The new meniscus shields your cartilage from damage and wear. This protection keeps your knee healthy for years longer.
A working meniscus spreads weight evenly across your knee. Your bones receive better shock absorption and less stress.
The transplant may prevent or delay arthritis for many years. You avoid early joint replacement and maintain mobility.
Joint preservation is the main goal of this transplantation. The allograft restores your knee's natural biomechanics and function. It protects against further cartilage damage and wear.
The transplant may delay or prevent osteoarthritis for many years. Studies show improved outcomes in knee stability and mobility. Pain relief occurs as the joint stabilizes with the new tissue.
Cartilage restoration happens indirectly through better protection. The graft shields existing cartilage from excessive stress. This preservation approach beats early joint replacement for younger patients.
Joint preservation through meniscus transplant offers hope for active people.

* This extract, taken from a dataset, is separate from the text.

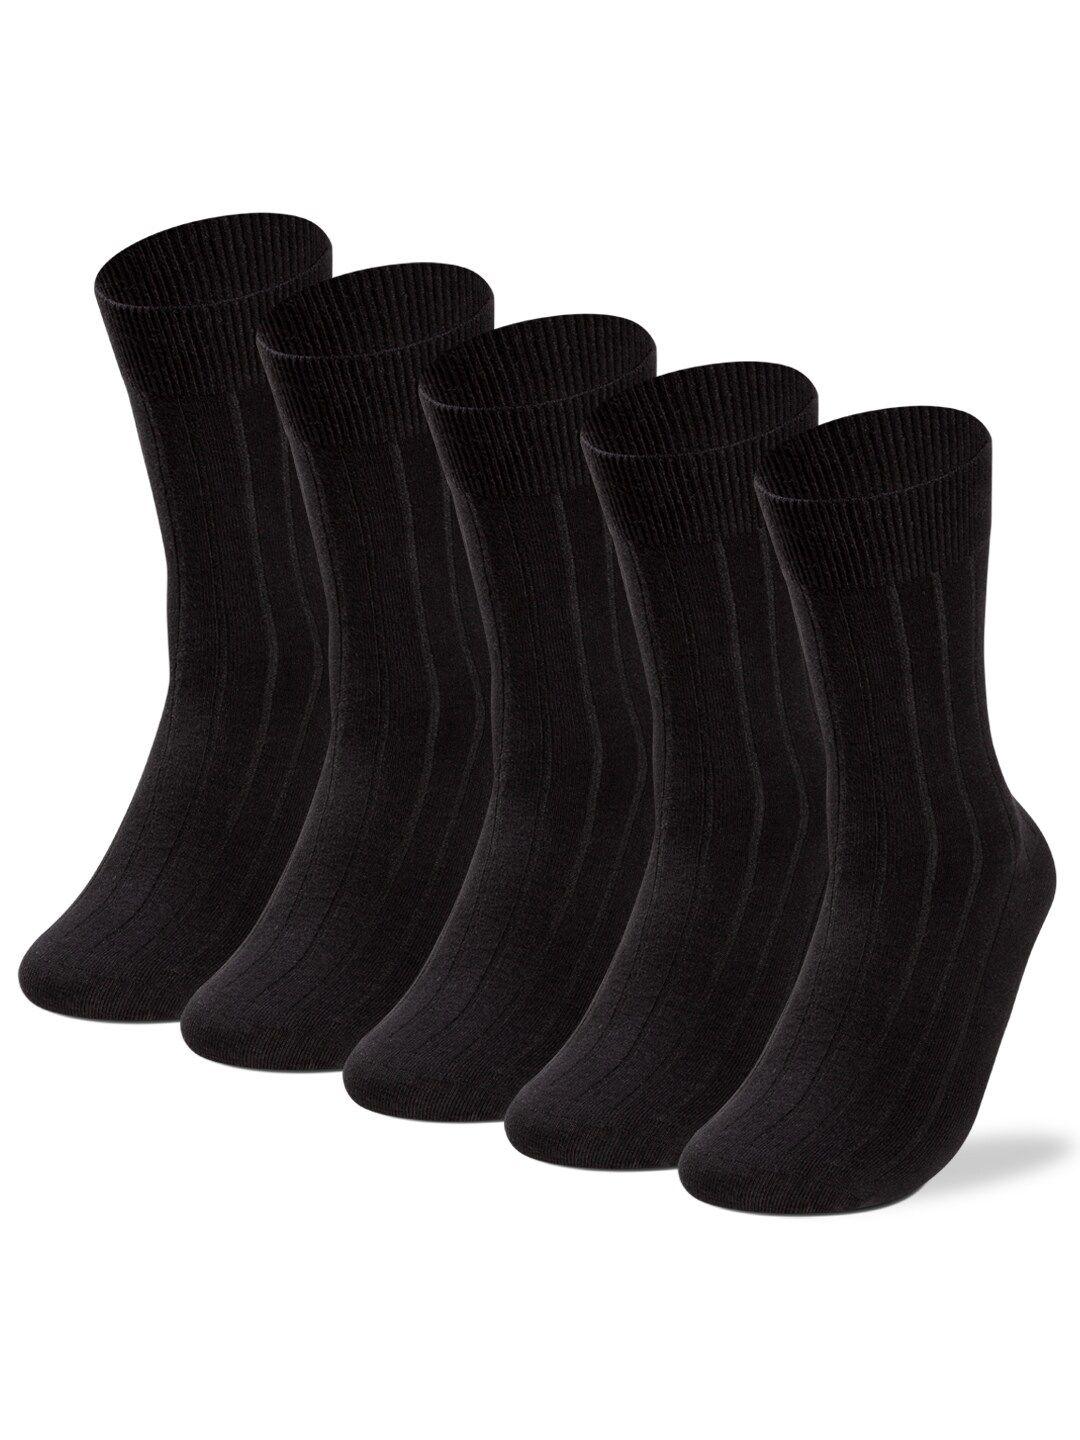 supersox men pack of 5 patterned cotton calf-length socks

The procedure maintains your natural anatomy longer. Better outcomes occur when surgery happens before severe damage develops.

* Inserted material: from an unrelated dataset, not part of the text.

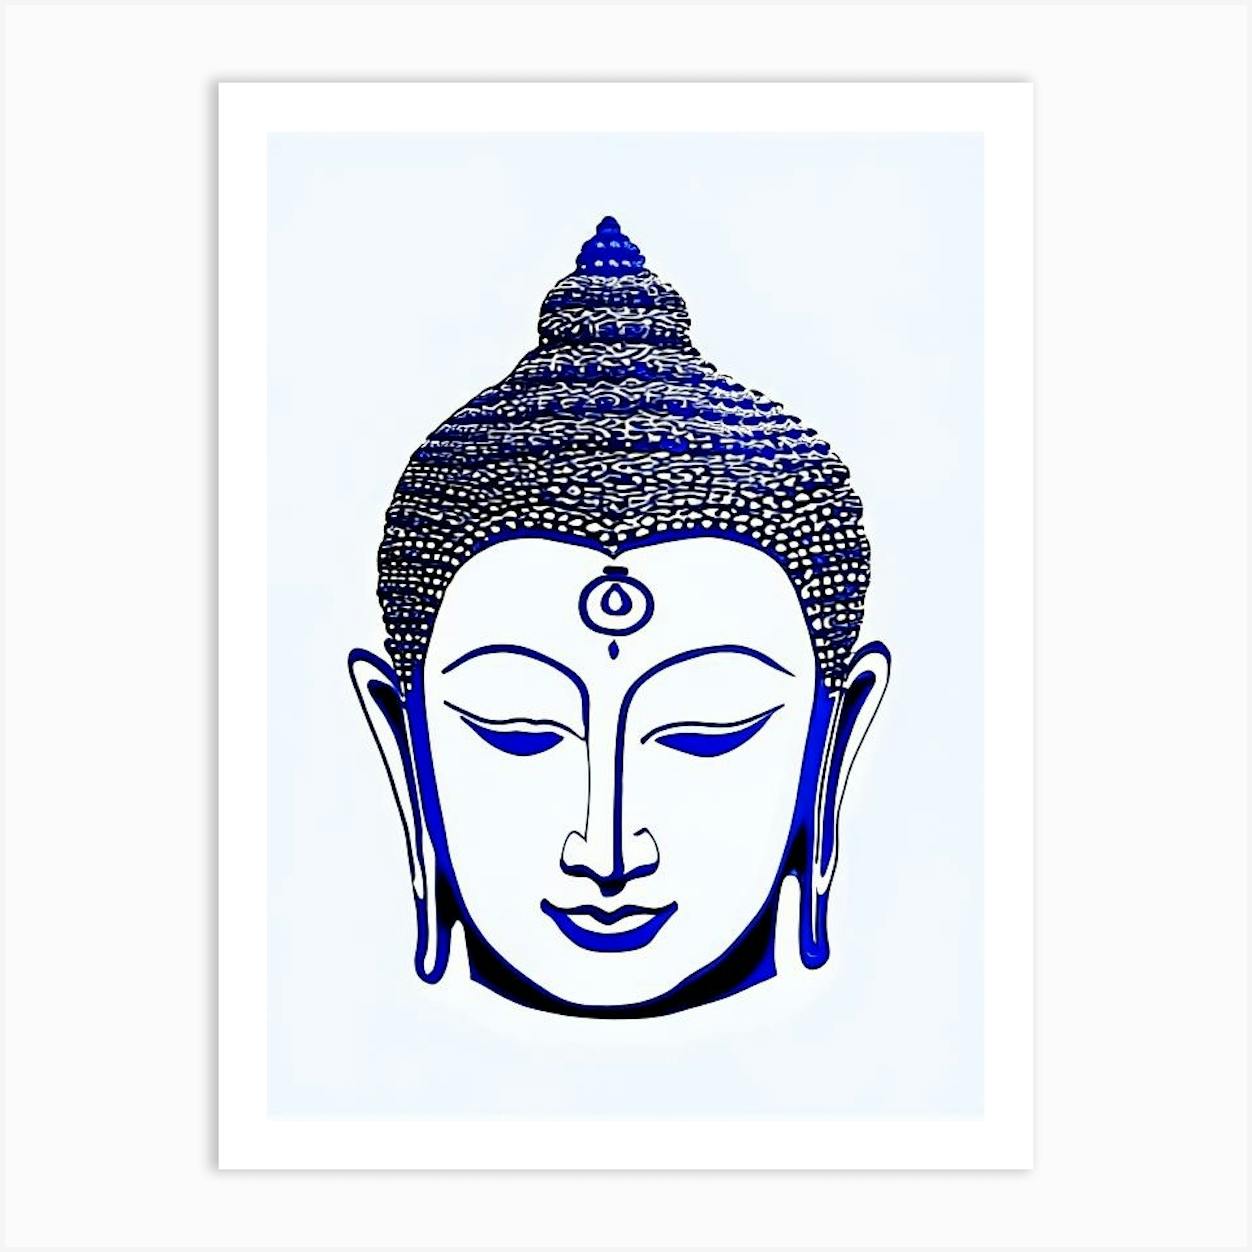 buddhism symbol png

When facing knee injuries, you have several treatment options available. Meniscus repair works if enough healthy tissue remains in your knee. Removal relieves pain but causes outcomes like problems later with cartilage health.
Living without a meniscus leads to progressive cartilage wear. Total knee replacement is too extreme for young, active patients. A meniscus allograft fills the gap between these approaches.
Some patients combine procedures for better outcomes. Cartilage restoration techniques may accompany transplantation when needed. Your surgeon will recommend the best path based on indications and your specific knee condition.
The transplantation procedure offers a middle ground. It preserves your natural joint longer than other options. This knee preservation surgery delays more invasive procedures like total replacement.

Don't wait until your cartilage health declines further. If you've had a meniscus removed or severely damaged, talk to an orthopedic surgeon about meniscus transplant surgery today. Early intervention leads to better outcomes and can save your joint from premature arthritis.
Schedule a consultation to learn if you're a candidate for this procedure. Bring your imaging results and surgery records to your appointment. A specialist can perform a thorough evaluation and discuss whether this joint preservation option fits your needs and goals.
A donor meniscus can last 10 to 20 years or longer with proper care and rehabilitation. Success depends on factors like your age, graft fixation quality, and how well you follow recovery protocols.
Most patients return to sports within 9 to 12 months after the procedure. Your surgeon will clear you based on how the graft healed and your strength during therapy sessions.
Good candidates are under 50 years old with pain from meniscus loss but minimal arthritis. You need stable ligaments, healthy tissue in most areas, and realistic expectations about outcomes.
Surgeons use MRI scans and special imaging to measure your joint anatomy precisely. The tissue bank provides an allograft that matches your size within millimeters to ensure proper function.